The question is how fast do we recover? Volatility is a good thing – not from a personal perspective, but from an investment standpoint. It always presents attractive investment opportunities. There is an opportunity to make very good money in this vintage of coming funds. Premiums will rise in corporate credit and the terms should be better. There is always a flight to quality.

What opportunities exist for LPs? Is it worth exploring these now, or waiting a little longer?

Both the primary and secondary markets are looking pretty interesting. The secondary market will likely be characterised by continued volatility and there is now a much bigger dispersion in prices for credit quality. We are moving from a strongly performing world into a less-well-performing world and this will have knock-on effects.

Banks have large portfolios of consumer and corporate credit which are going to start showing increased levels of non-performance. As a result, banks will trim their risk weighted assets. That not only offers opportunities in the secondary market but also in the primary market as there will be less appetite to put incremental risk on the books. Direct lending funds will take share in the primary LBO direct lending space because we are able to write large tickets, move faster, and be more decisive than the banks.
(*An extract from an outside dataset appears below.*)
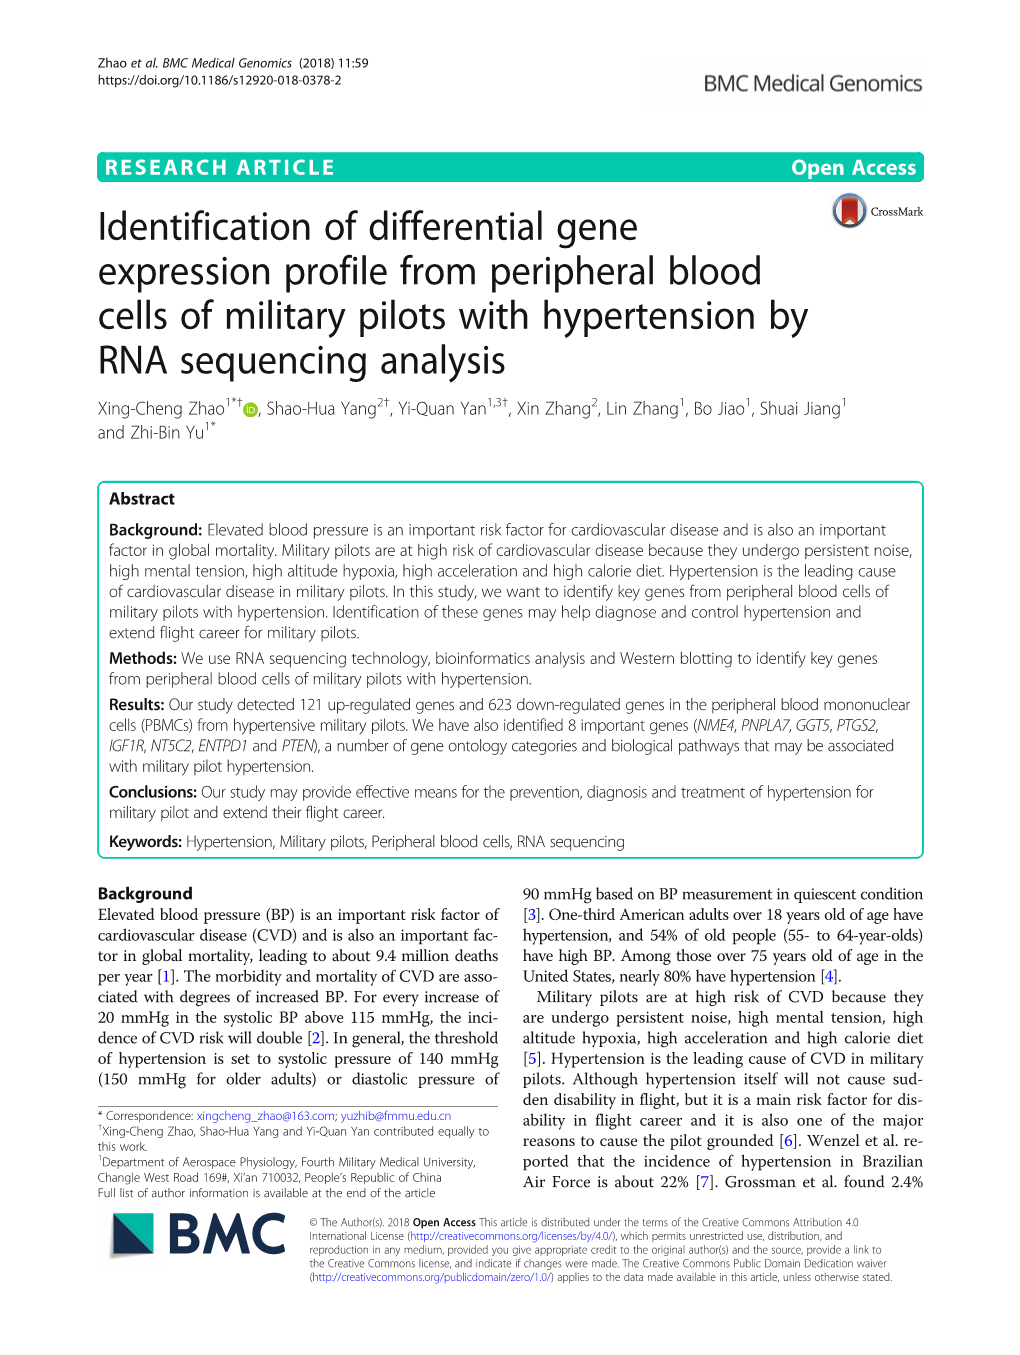 Identification of Differential Gene Expression Profile from Peripheral

In the secondary market, we will see increased supply. In the whole credit opportunities space and higher risk strategies it has not been easy to find well-priced risk for the past couple of years, but that changed this year. Markets have already seen significant dislocation and we are now coming into a period where there will be a lot of stress. The investment pipeline funnel will be much broader.

What are the effects on investor asset allocation?

We expect many LPs will shift a bit back towards riskier strategies. If you think about the risk/reward curve, you’re looking at 10-13 percent plus unlevered net returns from credit opportunities and distressed strategies. The market environment is going to produce some very interesting opportunities over the coming years. People are going to want to make sure they are getting paid for the illiquidity and this is a logical place to look in the current market. I also expect LPs to continue to be highly discerning and even more focused on diligencing their investment managers. It should be a good opportunity for LPs to clearly differentiate between their managers.

At the same time, there may be some managers who won’t be able to raise their next fund because underperformance will make it difficult to attract fresh capital or retain top talent.